ON THE AUTOMATED DETECTION OF MARGINAL PLAGIARISM IN WEB-BASED STUDENT ASSIGNMENTS
There are many benefits stemming from the usage of New Technologies in Higher Education. Among them, web-based assignments can provide a large degree of flexibility to the students at the time of organizing their work, since they can access the host application from any location at any time. An ideal learning set-up is obtained when web-based assignments and virtual labs are combined in a single platform . Some other remarkable advantages are provided by this type of e-learning systems: the use of logs to the web application permits to track the activity of the students in high detail and, also, no paper waste is generated in the evaluation procedure that can be performed on-line.
In this presentation, we focus on a particular feature of web-based student assignments: the automated detection of partial plagiarism among the students. It happens that, for very specific tasks, the students may share their work material among them or use the results from students having taken the course in previous years. Since all the information regarding the work presented by the students is kept in electronic format, we have an ideal testbed for the essay of information processing techniques in the detection of this mild unethical behaviour. We have found that this undesirable conduct is, in fact, largely limited to very specific parts of the subject under test and, most importantly, the proposed procedure permits to identify those parts of the syllabus where the students find a higher difficulty level which, in turn, allows to undertake the necessary actions in order to improve the learning performance.
We present a detailed account of a experience based on a web-based laboratory  where a marginal plagiarism detection scheme is implemented based on both the Levenshtein Distance  and the Kolmogorov Complexity based Information Distance  distances. The correct operation of the system requires a careful setting of the distance normalizations and the thresholds for automated functioning. The evaluation system implemented enables the accurate identification of the specific offending cases, to trace all the relations existing for all the cases and, most importantly, to spot those aspects of the subject that may be particularly difficult for the students.

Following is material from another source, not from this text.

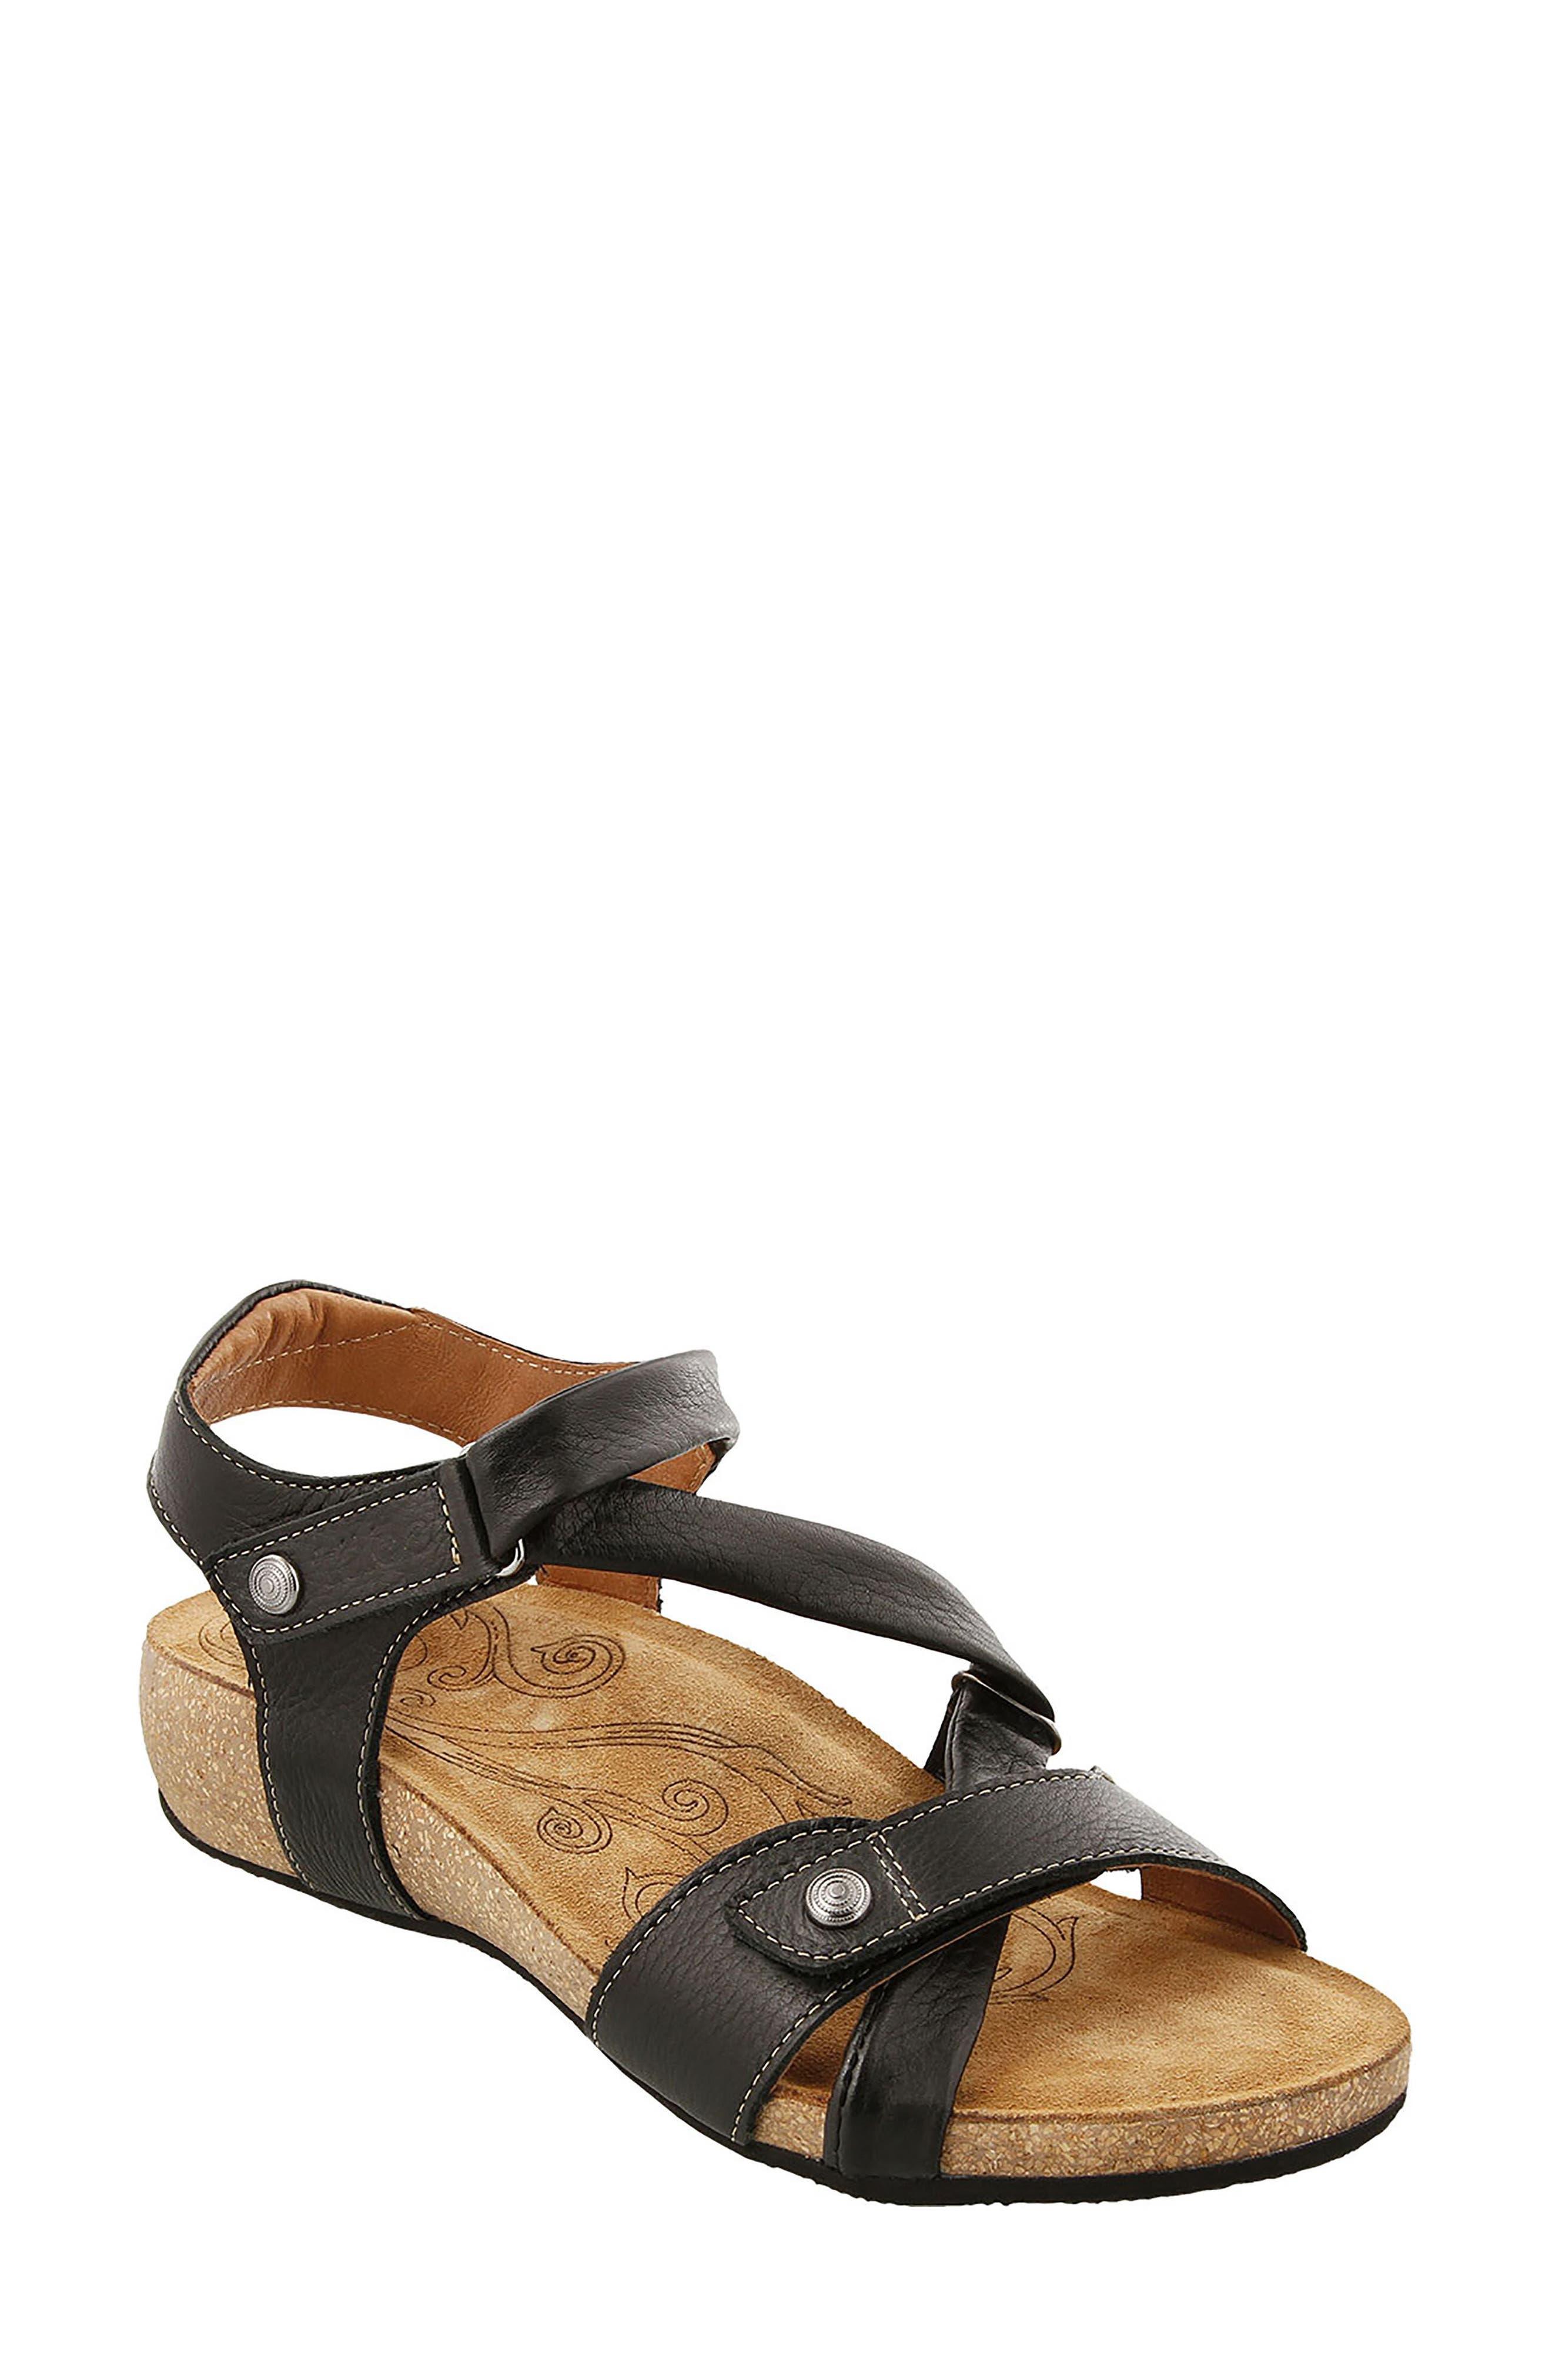 Universe Sandal,                         Main,                         color, BLACK LEATHER
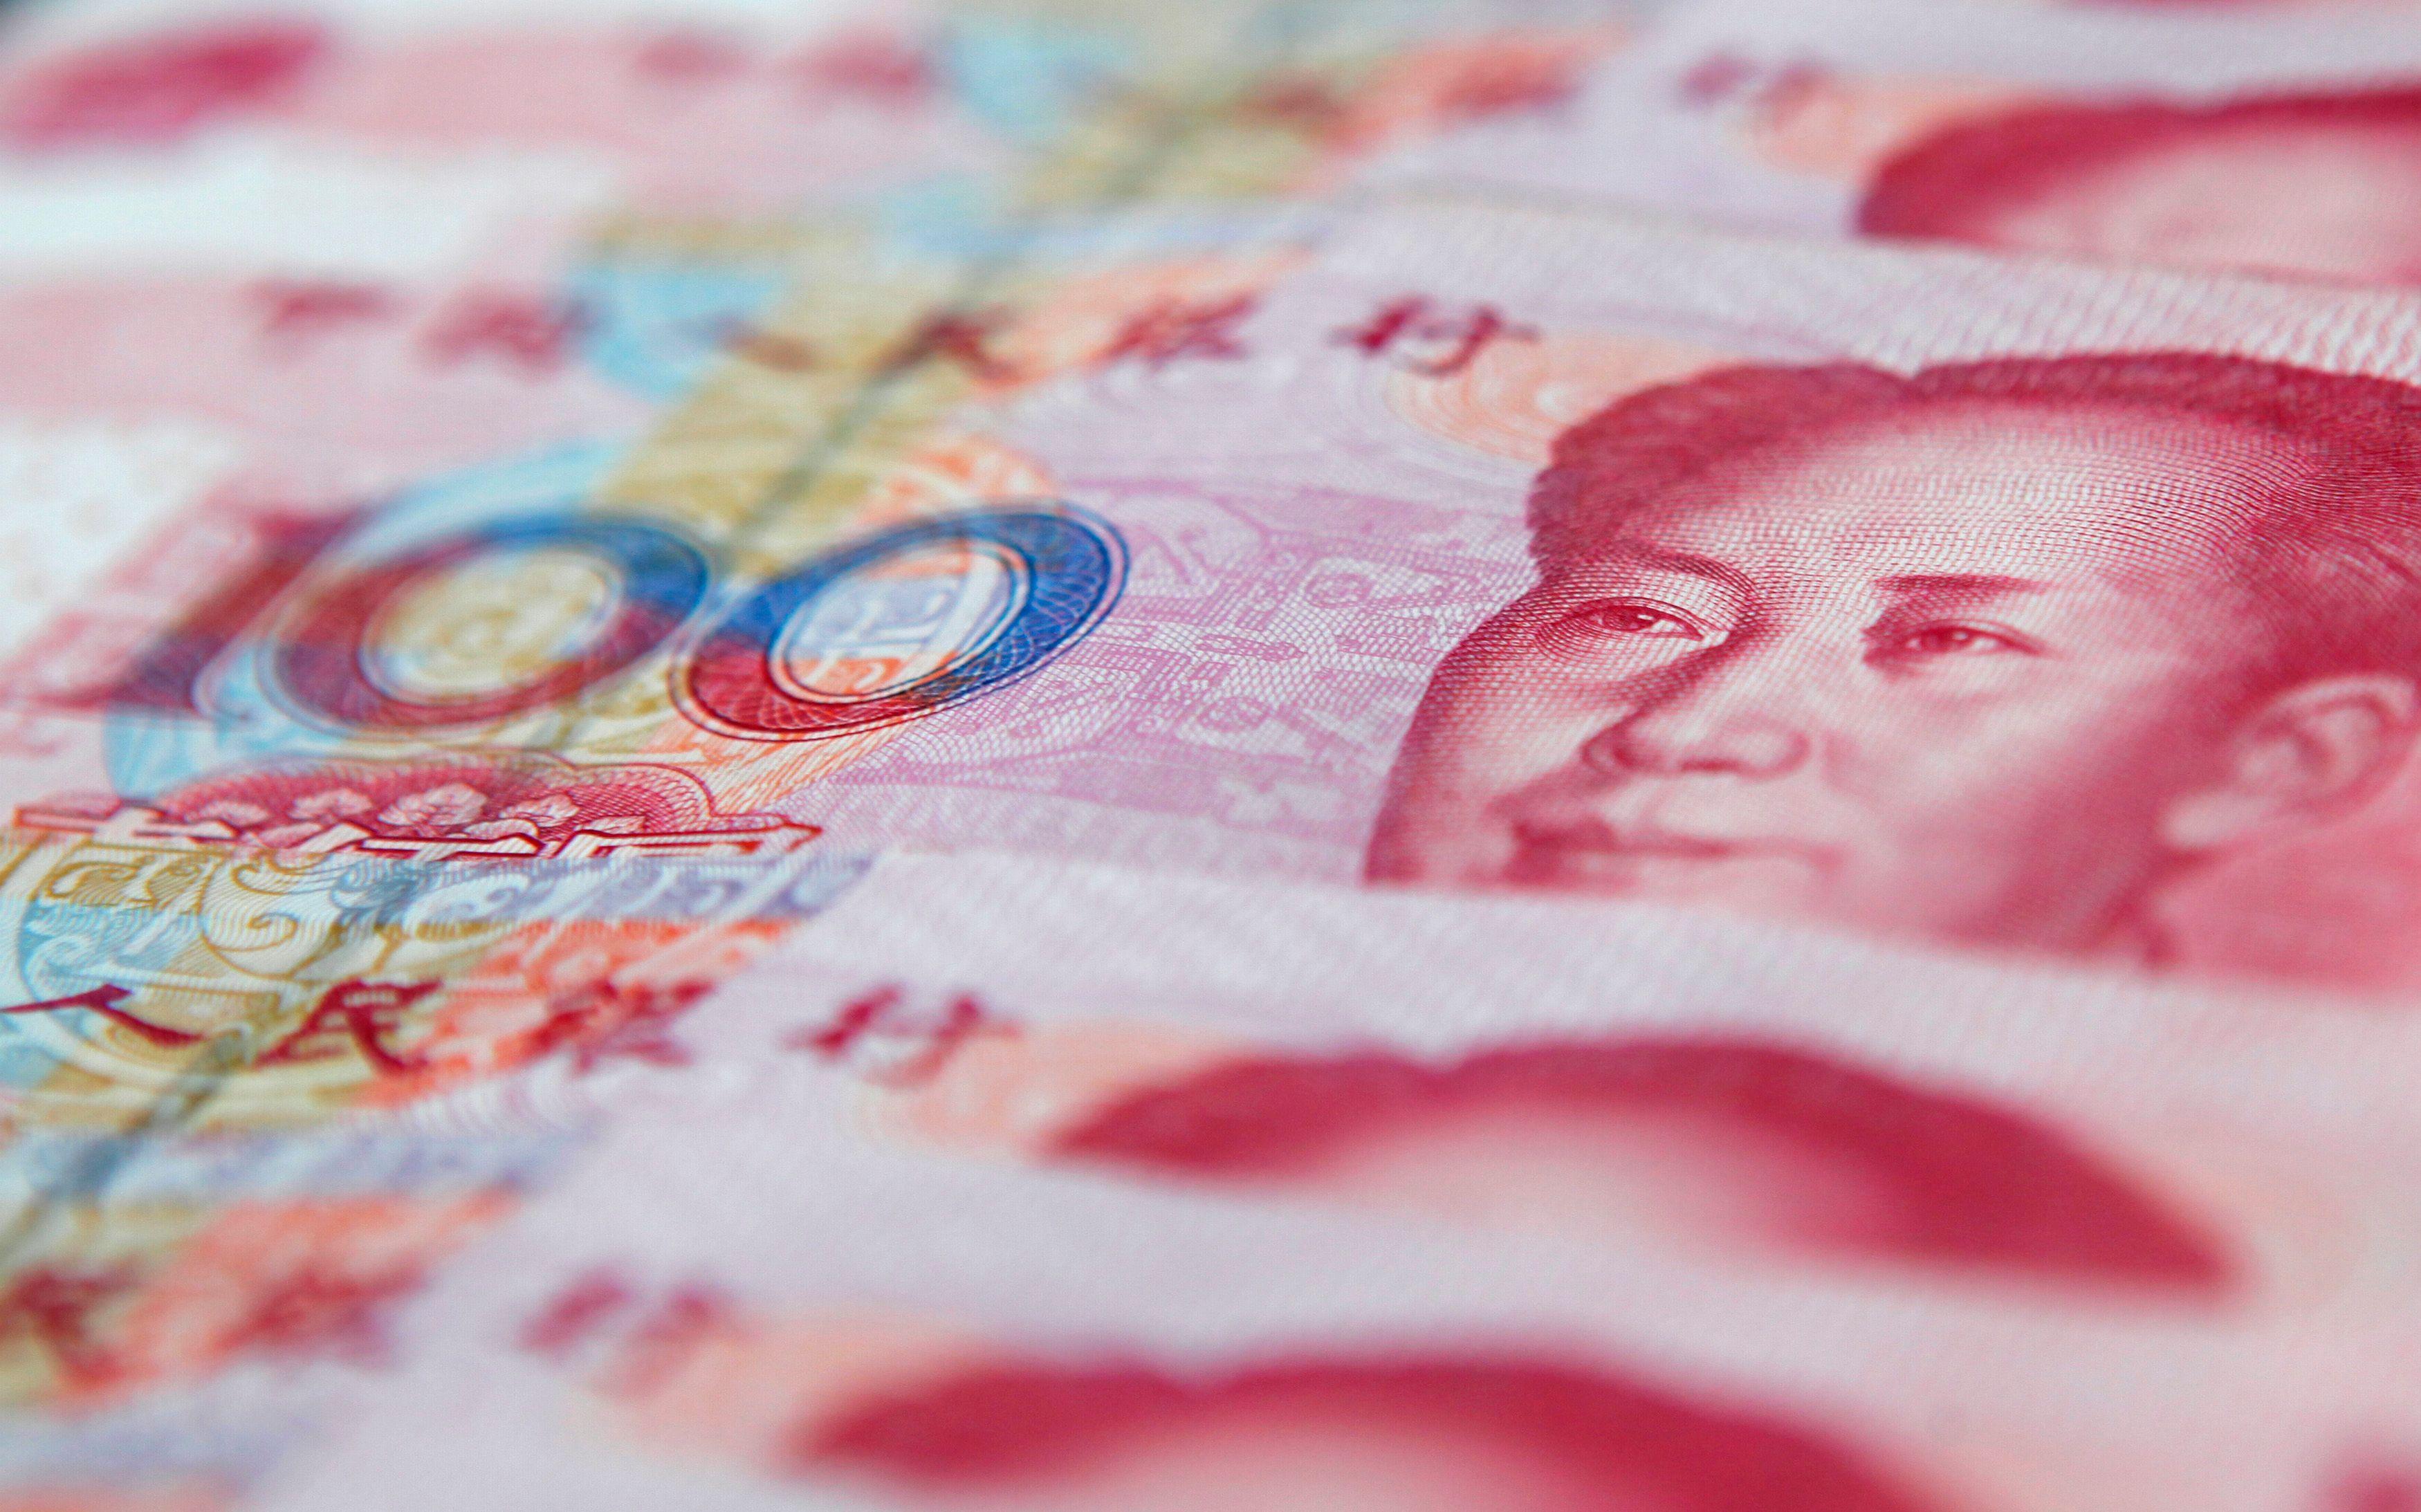 Entre 2010 et 2013, la valeur de Yuans échangés à l'international a triplé.

. P. Chamorro-Posada, “Web-based computer lab for teaching dispersion managed solitons,” Research, Reflections and Innovations in Integrating ICT in Education pp. 1498-1502 (2009).
. V. Levenshtein, “Binary codes capable of correcting spurious insertions and deletions of ones”, Probl. Inf. Transmission 1, 8–17 (1965).
. Ming Li and Paul Vitanyi, An Introduction to Kolmogorov Complexity and Its Applications, Third Edition, Springer Verlag (2008).